The red there is wireless.  Configuring bigWap as a wireless bridge is the only problem, the rest is normal.  I'm pretty sure DD-WRT can do that.  Why not just plug the WAN port on littleWap into the closest Ethernet?


----------



## dvl@ (May 11, 2013)

wblock@ said:
			
		

> The red there is wireless.  Configuring bigWap as a wireless bridge is the only problem, the rest is normal.  I'm pretty sure DD-WRT can do that.  Why not just plug the WAN port on littleWap into the closest Ethernet?


 
It's not my network to plug into.  It's filtered by MAC address.  The WiFi has no such restrictions, but getting access to the wired network seems to be troublesome.


----------



## wblock@ (May 11, 2013)

Depending on room, the wireless access wasn't always great either...

Here's a DD-WRT page on setting up a "Client Bridged" network: http://www.dd-wrt.com/wiki/index.php/Client_Bridged.


----------



## dvl@ (May 11, 2013)

I just finished selling 5 WRT that I no longer used.  Now the question is getting one and setting it up in time for Wed.


----------



## wblock@ (May 11, 2013)

I can bring an extra, but won't get there until later on Tuesday.  Not really enough time for testing, at least if it were me.

Come to think of it, a FreeBSD notebook could be used for bigWap.  Or even a netbook.  That's probably easier, in fact.  Looking back, that's what @phoenix already suggested.  The nice thing with a notebook is that it already has wired and wireless interfaces.


----------



## dvl@ (May 11, 2013)

Thank you.  But I just spoke with Allan Jude, and he suggested a cunning plan.
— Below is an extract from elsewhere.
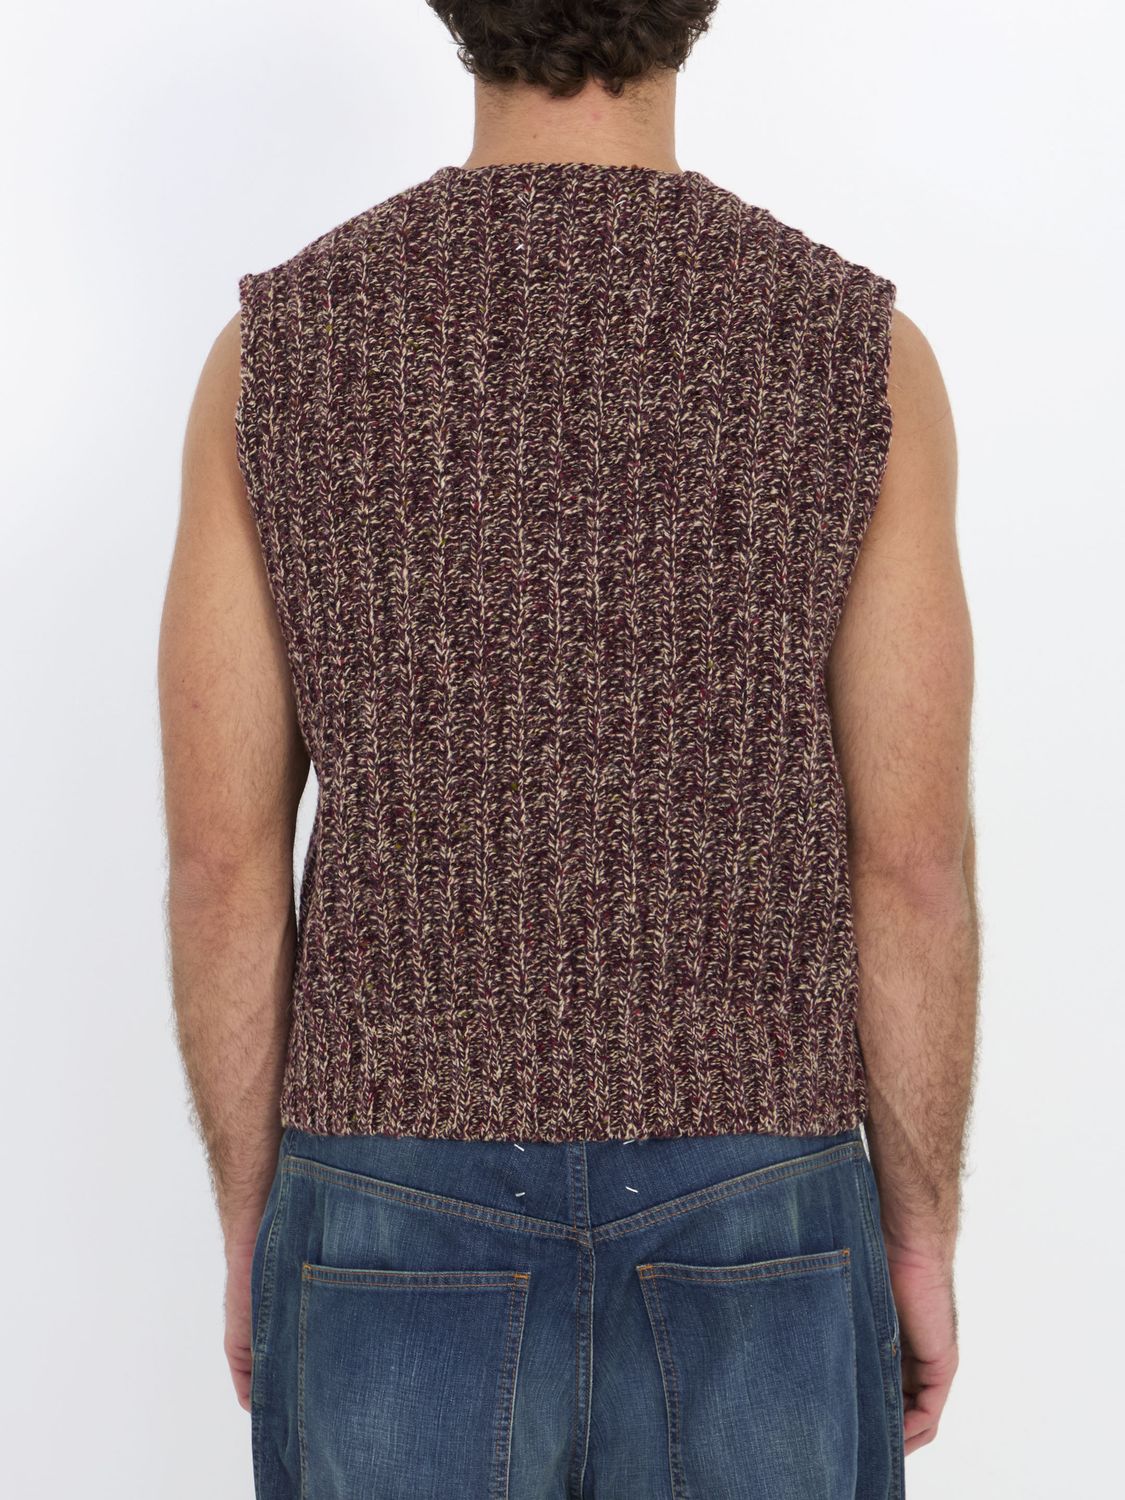 MAISON MARGIELA Bordeaux Chunky Braided Knit Vest with V-Neckline for Men

The Planex WAP I have can already act as a gateway.  I'm doing that now.  I can configure it to connect to the U of O wifi. I buy an off-the-shelf wireless router.  I configure it for the 10.0.44/24 network.  Everyone connects to that. I plug the server into the one of the LAN ports on the wireless router. I plug the planex into the WAN port of the wireless router.  It grabs an IP address from the U of O wifi, and assigns it to the router. Sounds easy. Now I just have to pick a decent wireless router that'll handle 20-50 devices.I hear the new AirPort Express Base Station will handle 50.


----------